We can use a quasi F -test that can also correct for the degrees of freedom that have been used to estimate mean model parameters and the residual degrees of freedom that were available for estimating the additional dispersion parameter. The quasi F test will thus perform better in a small sample setting. It is defined as: 

$$
F = \frac{\frac{LRT_\text{g, full - reduced}}{df_{LRT}}}{\sigma^2_g} 
$$

which follows an F - distribution with $df_{LRT}$ degrees of freedom in the nominator and $df_{res}^{EB}$ degrees of freedom in the denominator under the null hypothesis that the full and reduced model are equivalent and that the assessed contrasts are thus equal to zero. Indeed, the dispersion estimator in the denominator follows a scaled $\chi^2$ distribution with $df_{res}^{EB}$ degrees of freedom. 
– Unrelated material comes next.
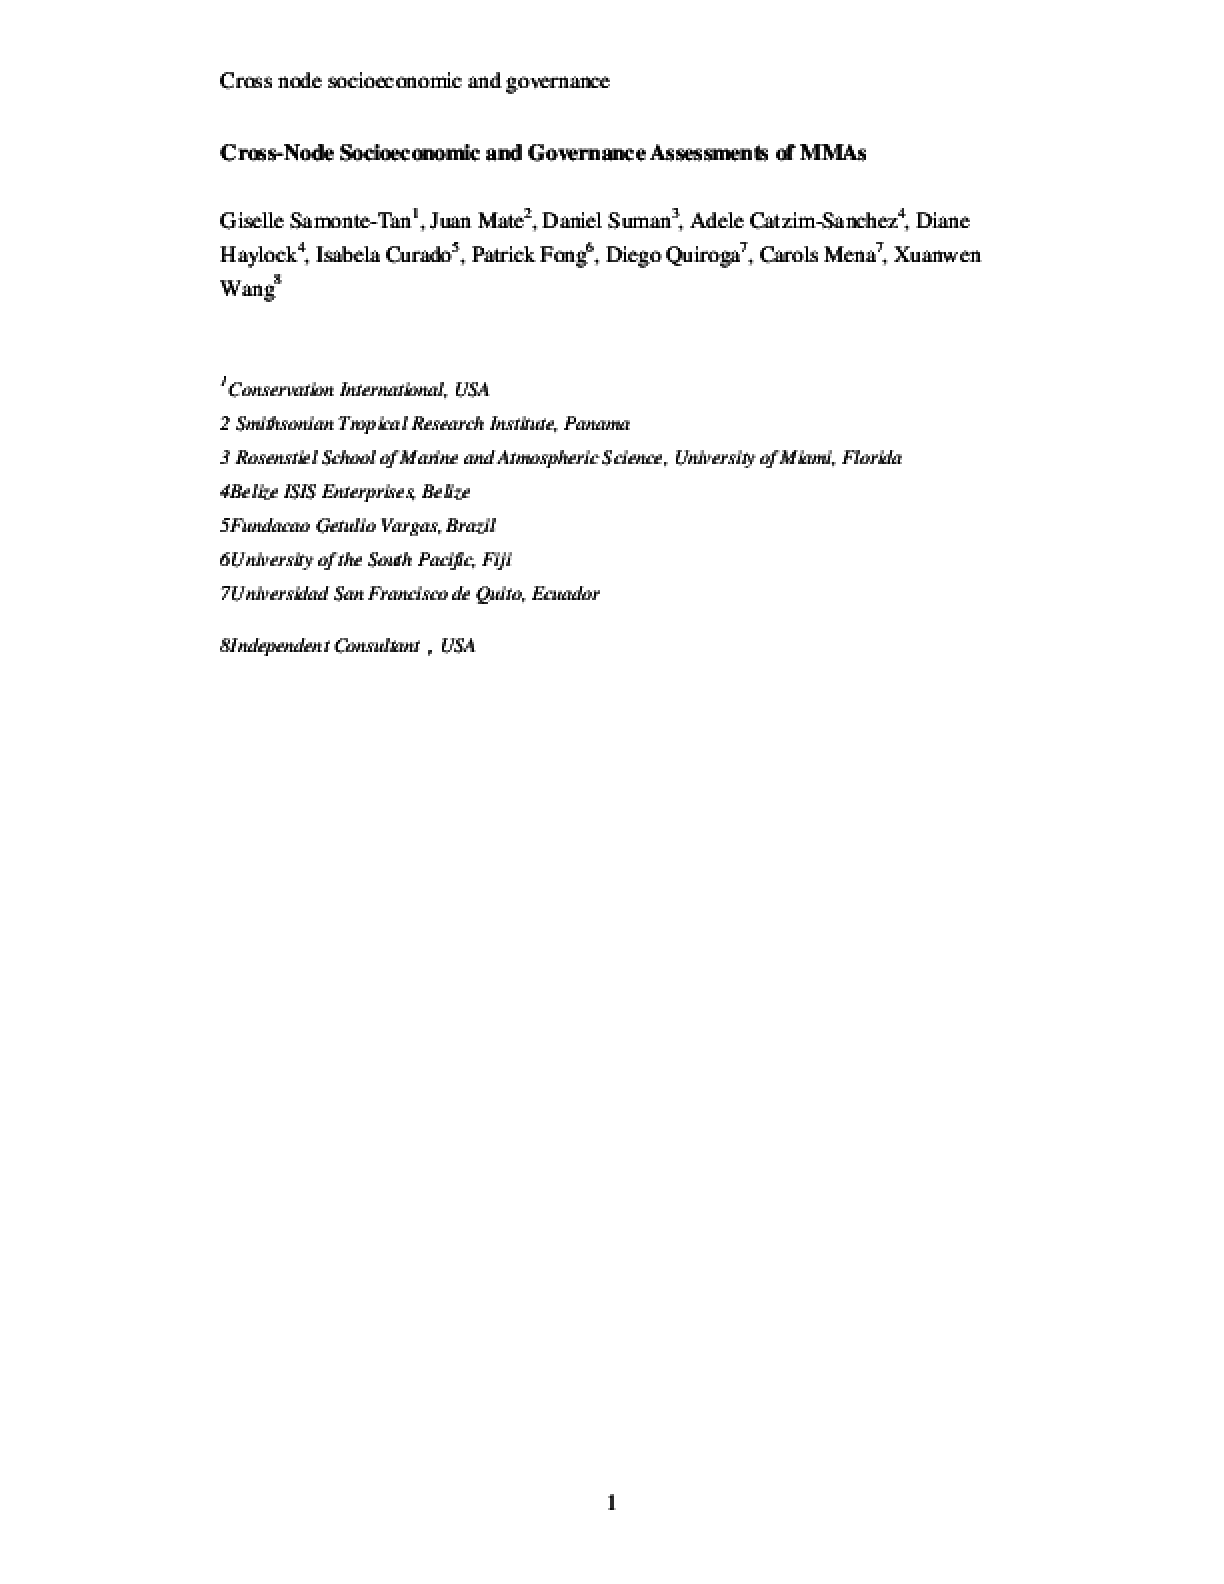 Cross-node Socioeconomic and Governance Assessments of MMAs

We perform all tests and loop over the columns of L for this purpose. 

```{r}
testsF <- apply(L, 2, function(fit,contrast) 
    glmQLFTest(fit,contrast=contrast), 
    fit = fit)
topTablesF<- lapply(testsF, topTags, n=nrow(dge))

sapply(topTablesF, function(x) sum(x$table$FDR <0.05))
```

We only find significant fold changes for very few genes between OHT and the control treatment at the late time point. 
We also did not find significant interactions. 

# Plots 
## Volcano plots 

```{r}
for (i in 1:ncol(L))
{
   volcano<- ggplot(topTablesF[[i]]$table,aes(x=logFC,y=-log10(PValue),color=FDR < 0.05)) + geom_point() + scale_color_manual(values=c("black","red")) + ggtitle(paste("contrast",names(topTablesF)[i]))
print(volcano)
}
```

## Histograms of p-values

```{r}
histsP <- lapply(topTablesF, function(x) 
    x$table %>% 
        ggplot(aes(x=PValue)) + 
        geom_histogram(breaks =seq(0,1,.1) ,col=1)
    )
    
for (i in 1:ncol(L)) 
    histsP[[i]] <- histsP[[i]] +
    ggtitle(paste("contrast",names(topTablesF)[i]))
histsP
```

## heatmaps

```{r}
for (i in 1:ncol(L))
{
    sigID <- topTablesF[[i]]$table %>% 
        filter(FDR<0.05) %>% 
        rownames
    if (length(sigID)>0)
        heatmap(dge$counts[sigID,], main = colnames(L)[i], cex.main=.2)
}
```

# EdgeR traditional 

```{r}
fitGlm <- glmFit(dge,design)
testLRT2 <- apply(L, 2, function(fit,contrast) 
    glmLRT(fit,contrast=contrast), 
    fit = fitGlm)
topTablesLRT2 <- lapply(testLRT2, topTags, n=nrow(dge))
sapply(topTablesLRT2, function(x) sum(x$table$FDR <0.05))
```

We find more genes for the traditional edgeR workflow, however, it is known that this workflow is often too liberal.